Decision trees can learn rules to map features to both continous and discrete outputs. In this quiz, you will consider the continous case and implement a regression tree to predict house prices in Boston. You will also conduct small data analysis and evaluation procedures. This notebook will guide you through.

## (10 pts) Task 1: Dataset 

Run the cells below to load Boston house prices dataset using `scikit-learn`. You can find more detail on the dataset [here](https://scikit-learn.org/stable/datasets/index.html#boston-dataset).

When the dataset is loaded, construct train and test matrices, by allocating **first 400 samples** to train and the rest to test. ___Do not shuffle or randomly sample the feature matrix___.

In [None]:
import numpy as np
from sklearn.datasets import load_boston
import seaborn as sns

In [None]:
boston = load_boston()
X_y = np.column_stack([boston['data'], boston['target']])
np.random.seed(1)
np.random.shuffle(X_y)
X, y = X_y[:,:-1], X_y[:,-1]
X_train, y_train = X[:400], y[:400]
X_test, y_test = X[400:], y[400:]
del X, y, X_y

In [None]:
print(boston.keys()) # Keys of bunch
print(boston.feature_names)

In [None]:
print("Train Data:", "X:", X_train.shape, "y:", y_train.shape)
print("Test Data:", "X:", X_test.shape, "y:", y_test.shape) 

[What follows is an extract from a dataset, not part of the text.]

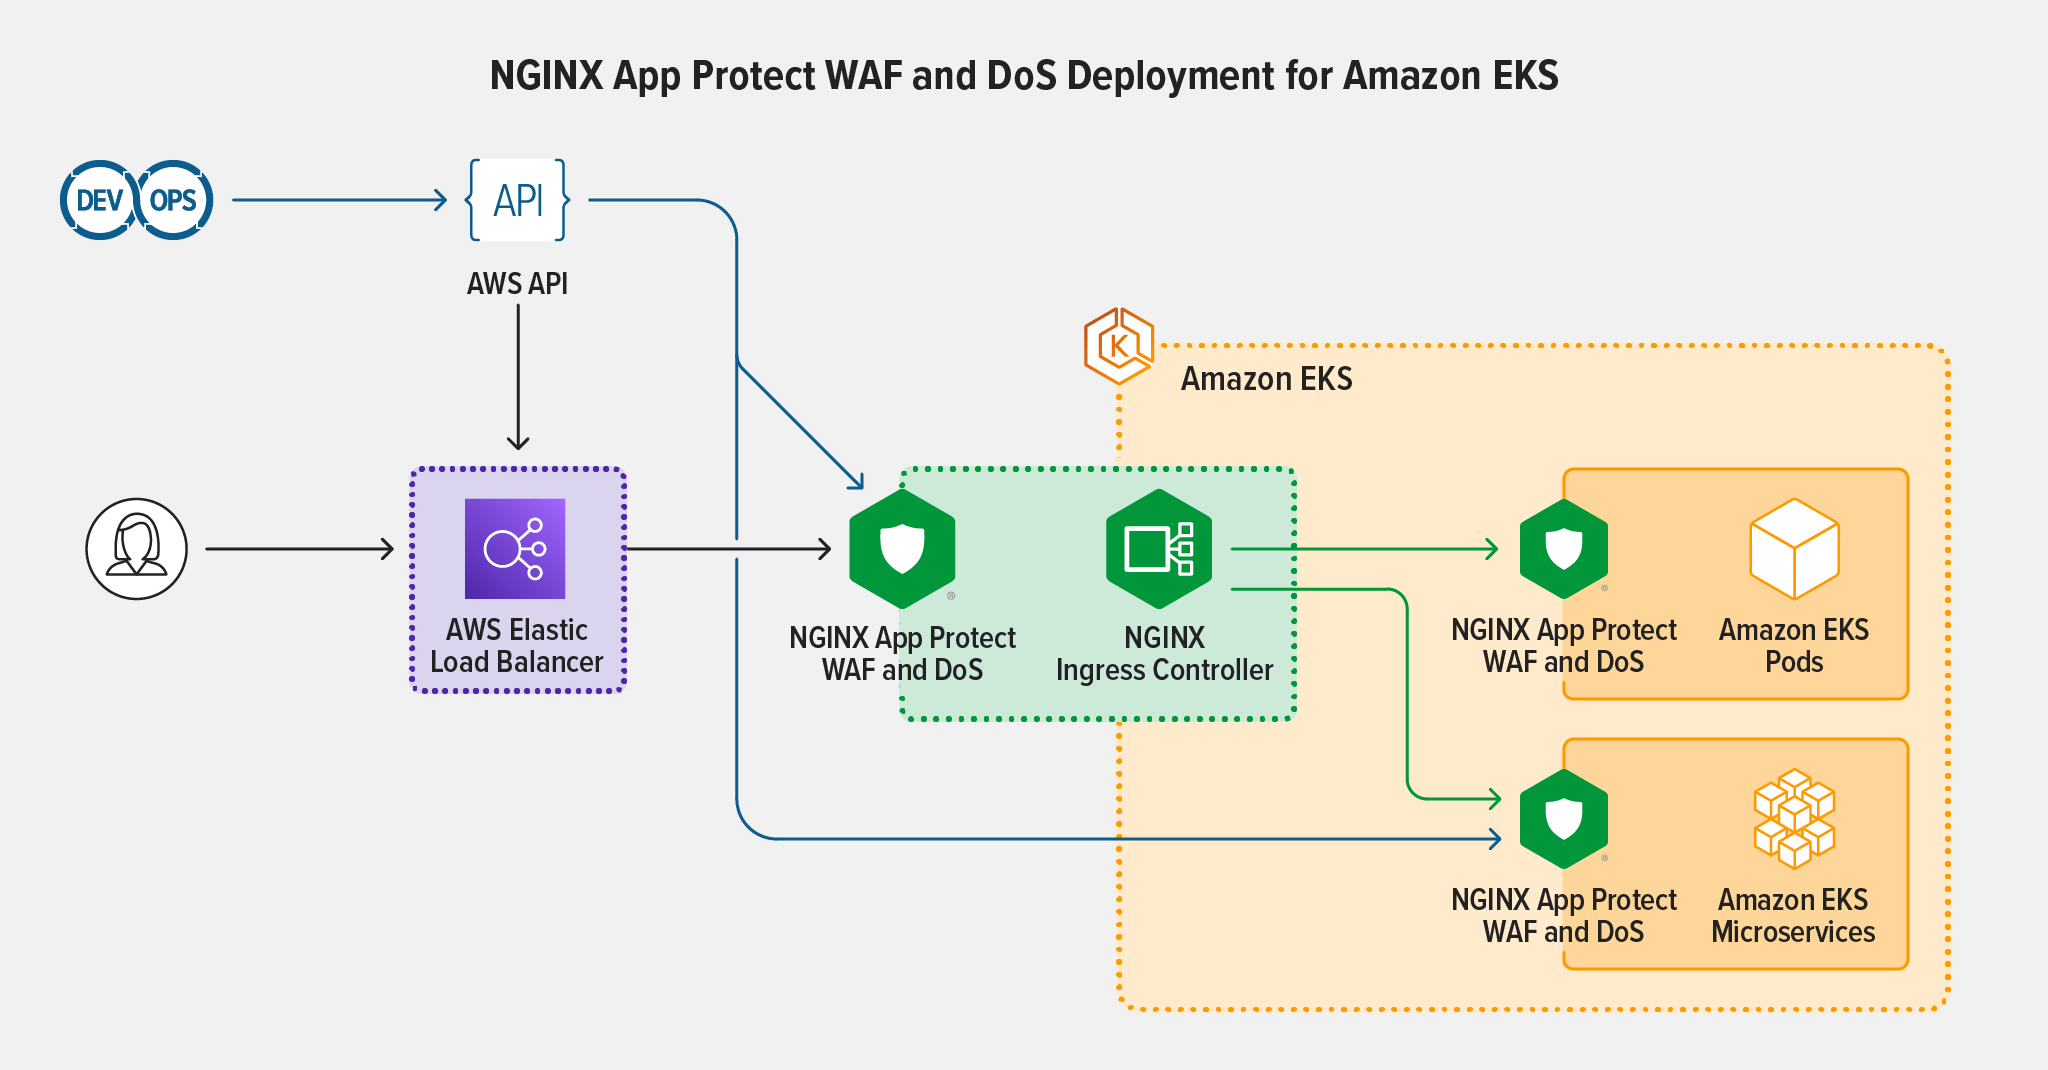 Diagram showing topology for deploying NGINX App Protect WAF and DoS on NGINX Ingress Controller in Amazon EKS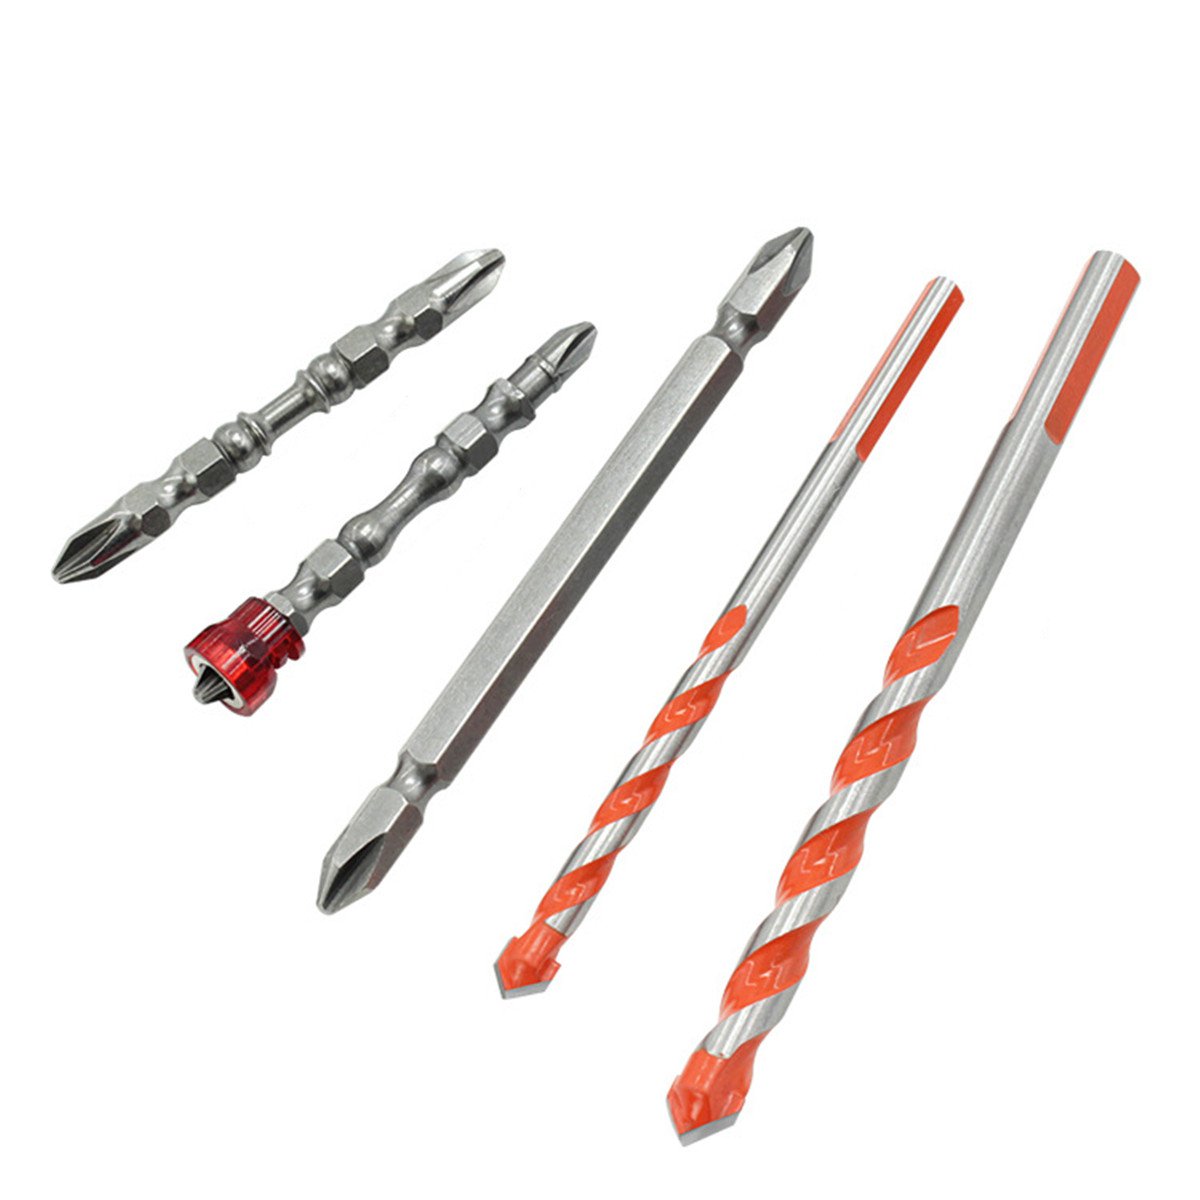 5Pcs-Tile-Glass-Drill-Set-Magnetic-Ring-Cross-Screwdriver-Bit-Multifunctional-Cutter-Marble-1602044-2

**(10 pts)** Unlike the dataset in Project 1, Boston dataset is high-dimensional and we cannot observe the relations between all features and the output with a single scatter plot. What we can do is to visualize the correlations between both features and house prices using a heatmap. So, stack the features and the outputs in a single matrix and compute correlation between all pairs of columns. Visualize the correlation coefficient matrix as a heatmap, which is $(N+1)x(N+1)$, where $N$ is the number of features in Boston dataset. You can check out `corrcoef` and `heatmap` functions from `numpy` and `seaborn` libraries, respectively. You can use diverging color palette to emphasize both positive and negative correlations.

Do you observe strong correlations between any pair of features or certain features and house price? 

In [None]:
concat_mat = np.concatenate([X_train.transpose(), y_train.reshape(1,-1)])
corr = np.corrcoef(concat_mat.reshape(-1,400))
names = list(boston.feature_names) + ["y"] 
sns.heatmap(corr, xticklabels=names, yticklabels=names)

#### First of all, all features and target have maximum correlation with itself, as expected. In addition, according to the heatmap above, target has high correlation with the feature "LSTAT". "RAD" and "TAX" also have a very strong correlation. For other features, strong correlations can be obtained as in the below cell.

In [None]:
print("Strong Correlations")
for i in range(len(names)):
    second_largest_i = np.argsort(abs(corr)[i,:])[-2]
    print(names[i], "has the strongest correlation with", names[second_largest_i]+ "("+str(second_largest_i)+")", " - Corr:", corr[i,:][second_largest_i])

print("\nWeak Correlations")
for i in range(len(names)):
    second_largest_i = np.argsort(abs(corr)[i,:])[0]
    print(names[i], "has the weakest correlation with", names[second_largest_i]+ "("+str(second_largest_i)+")", " - Corr:", corr[i,:][second_largest_i])


## (80 pts) Task 2: Regression Tree


**(15 pts)** Let us now build the regression tree. We start by implementing the splitting criteria which is used to decide the most discriminative features at each step. We stick to lecture notes and use $RSS$ which is computed as follows:

$$RSS =\sum_{\text {left }}\left(y_{i}-y_{L}^{*}\right)^{2}+\sum_{\text {right }}\left(y_{i}-y_{R}^{*}\right)^{2}$$

where $y_L^* and y_L^*$ are mean y-value of left and right nodes.

When you implement $RSS$, pick the most correlated and least correlated feature with the output prices according to previous step. Note that correlation can be both positive and negative! For both features, compute $RSS$ for every possible split threshold and plot thresholds versus RSS scores.

Do two features display different characteristics?

#### y has the strongest correlation with LSTAT(12)  - Corr: -0.7353565653971893
#### y has the weakest correlation with CHAS(3)  - Corr: 0.1964473680907214

In [None]:
def rss(X_i, y, threshold):
    y_left = y[X_i<threshold]
    y_right = y[X_i>=threshold]
    y_left_mean = np.mean(y_left)
    y_right_mean = np.mean(y_right)
    return np.sum(np.power((y_left - y_left_mean),2)) + np.sum(np.power((y_right - y_right_mean),2)) 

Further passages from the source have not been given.